Model-independent approach to effective sound speed in multi-field inflation

TL;DR

This paper derives a general, model-independent formula for the effective sound speed of curvature perturbations in multi-field inflation, applicable to various models and capturing entropy effects without approximations.

Contribution

It provides a novel, comprehensive formula for the momentum-dependent effective sound speed in multi-field inflation, valid for any field-space metric and without integrating out entropy perturbations.

Findings

The formula accurately describes the power spectrum in two-field models with kinetic coupling.

Momentum-dependent effective sound speed accounts for entropy perturbations effects.

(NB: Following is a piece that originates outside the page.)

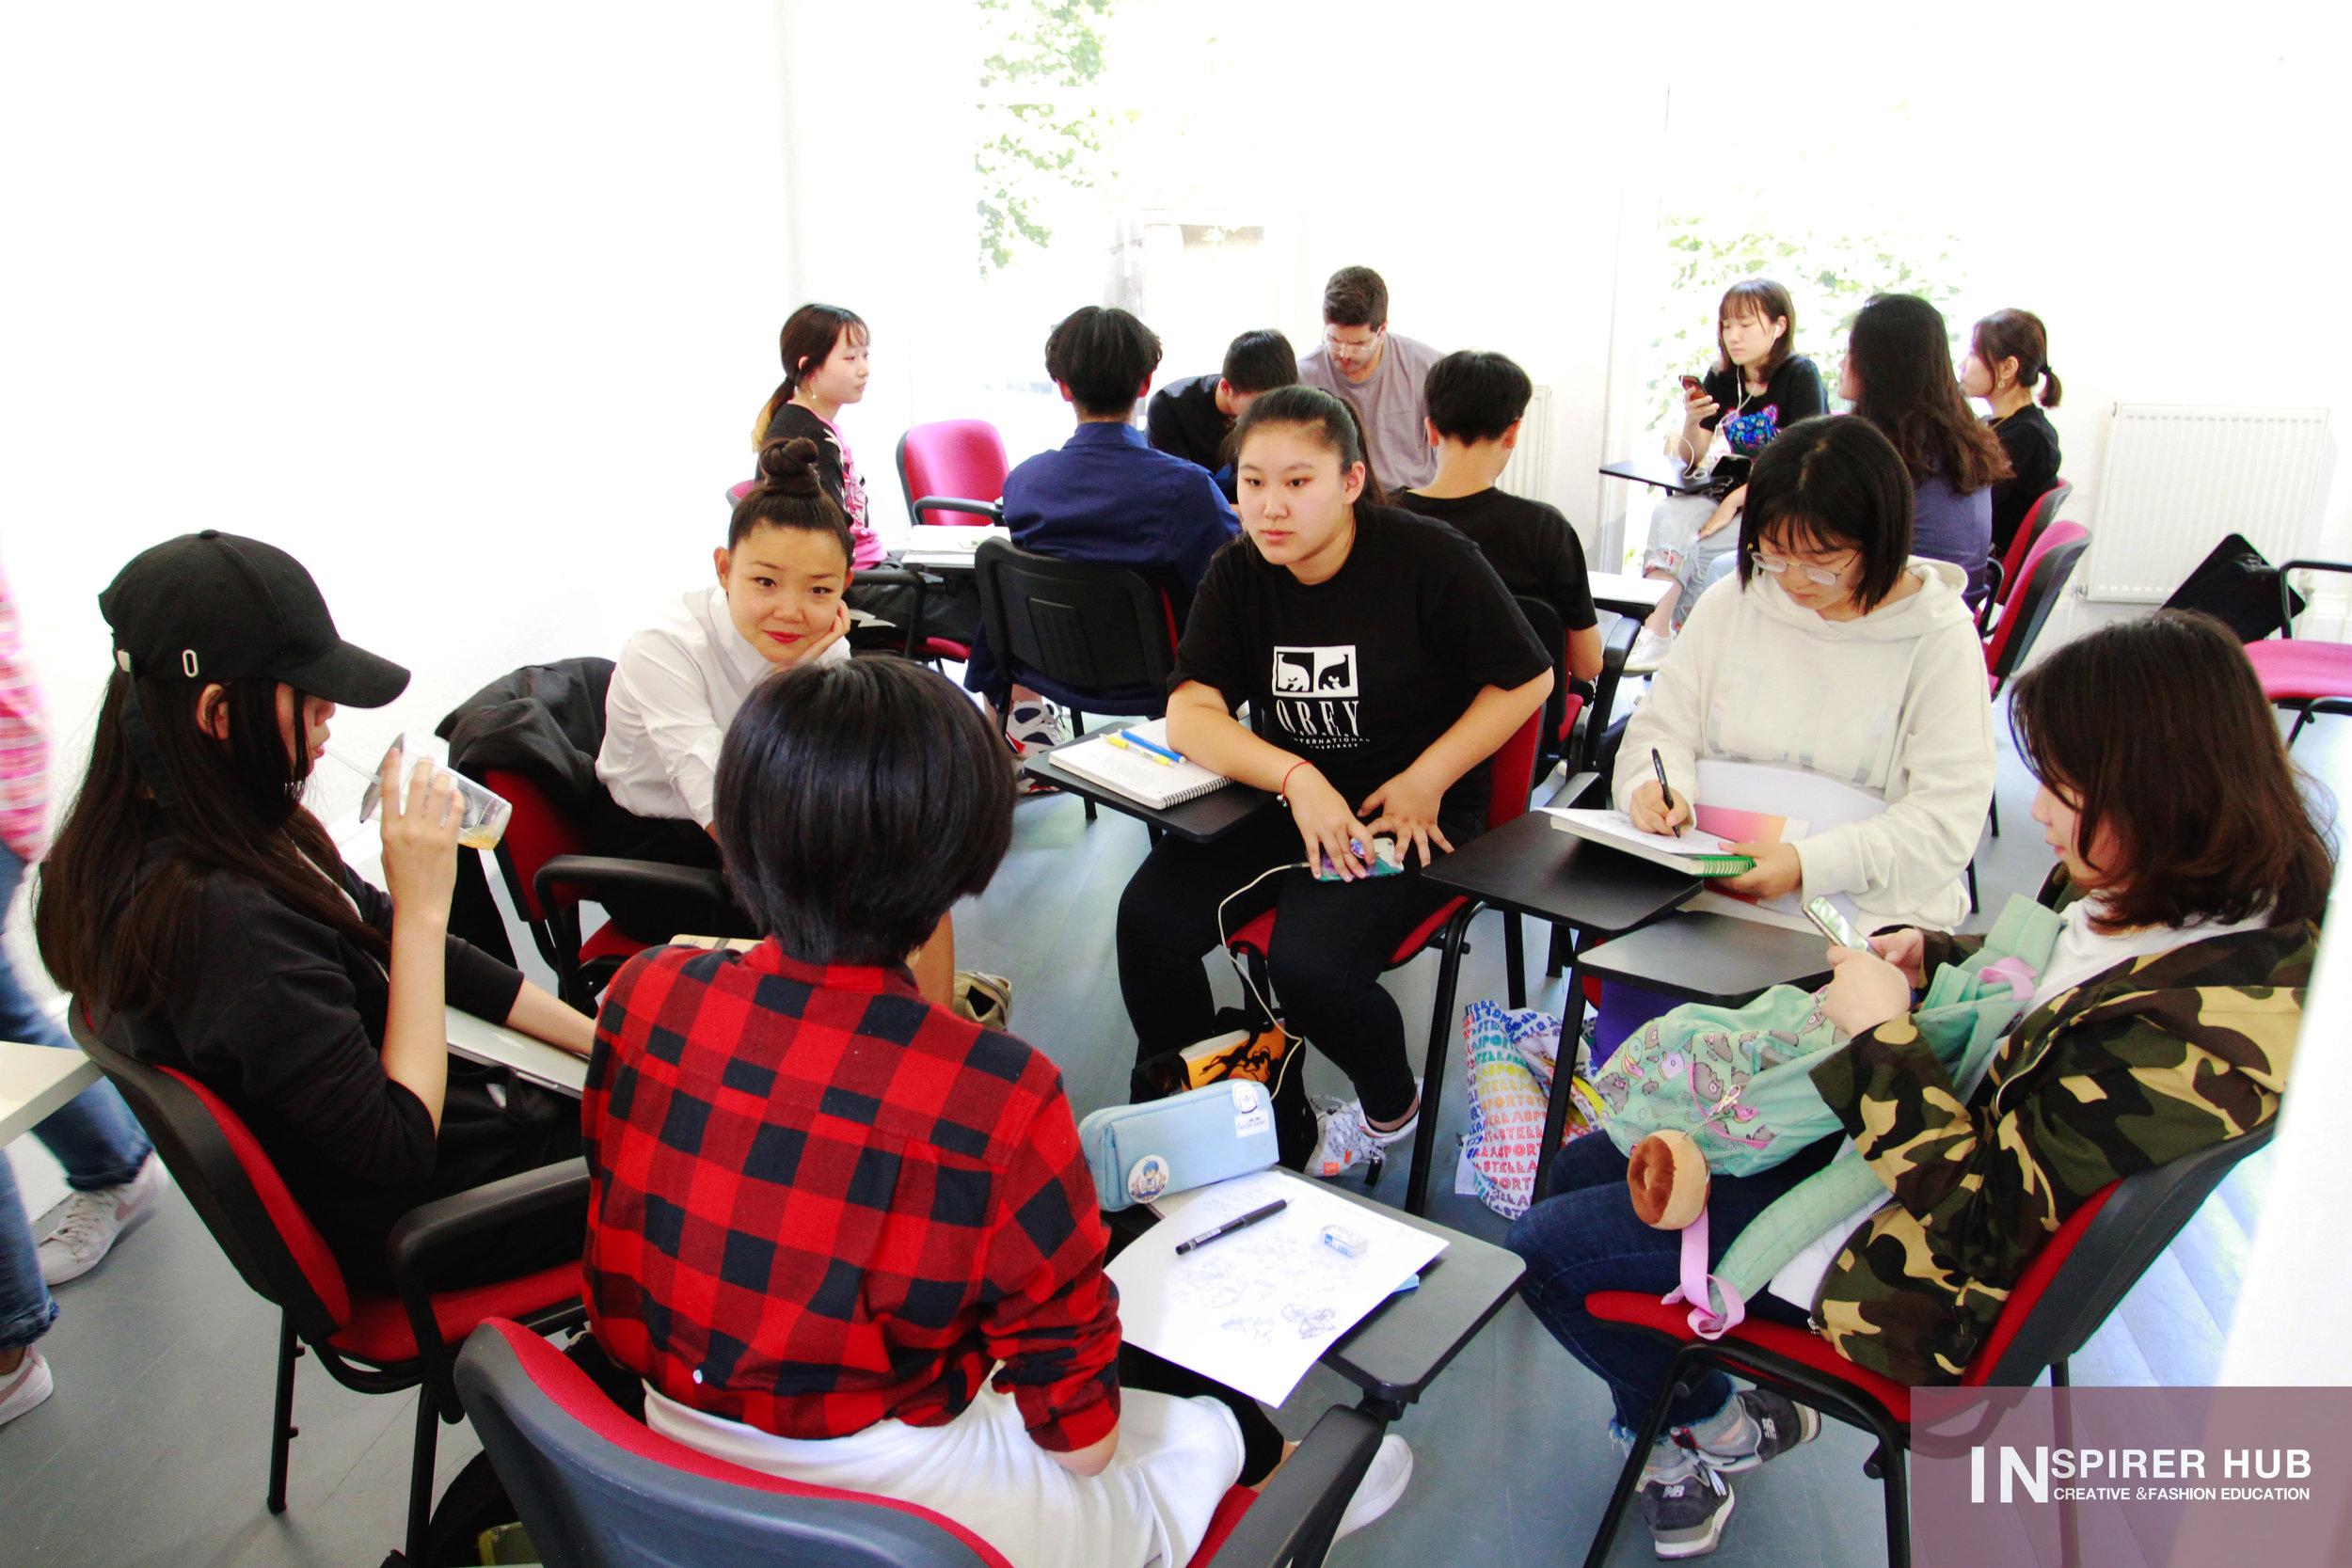 艺术家专业研讨会课程 - 2018 INSPIRER HUB艺术留学定制课程

The approach simplifies the analysis of single-field effective theories in multi-field inflation.

Abstract

For any physical system satisfying the Einstein's equations, the comoving curvature perturbations satisfy an equation involving the momentum-dependent effective sound speed, valid for any system with a well defined energy-stress tensor, including multi-fields models of inflation. We derive a general model-independent formula for the effective sound speed of comoving adiabatic perturbations, valid for a generic field-space metric, without assuming any approximation to integrate out entropy perturbations, but expressing the momentum-dependent effective sound speed in terms of the components of the total energy-stress tensor. As an application, we study a number of two-field models with a kinetic coupling between the fields, identifying the single curvature mode of the effective theory and showing that momentum-dependent effective sound speed fully accounts for the predictions for the power spectrum of curvature perturbations. Our results show that the momentum-dependent effective sound speed is a convenient scheme for describing all inflationary models that admit a single-field effective theory, including the effects of entropy perturbations present in multi-fields systems.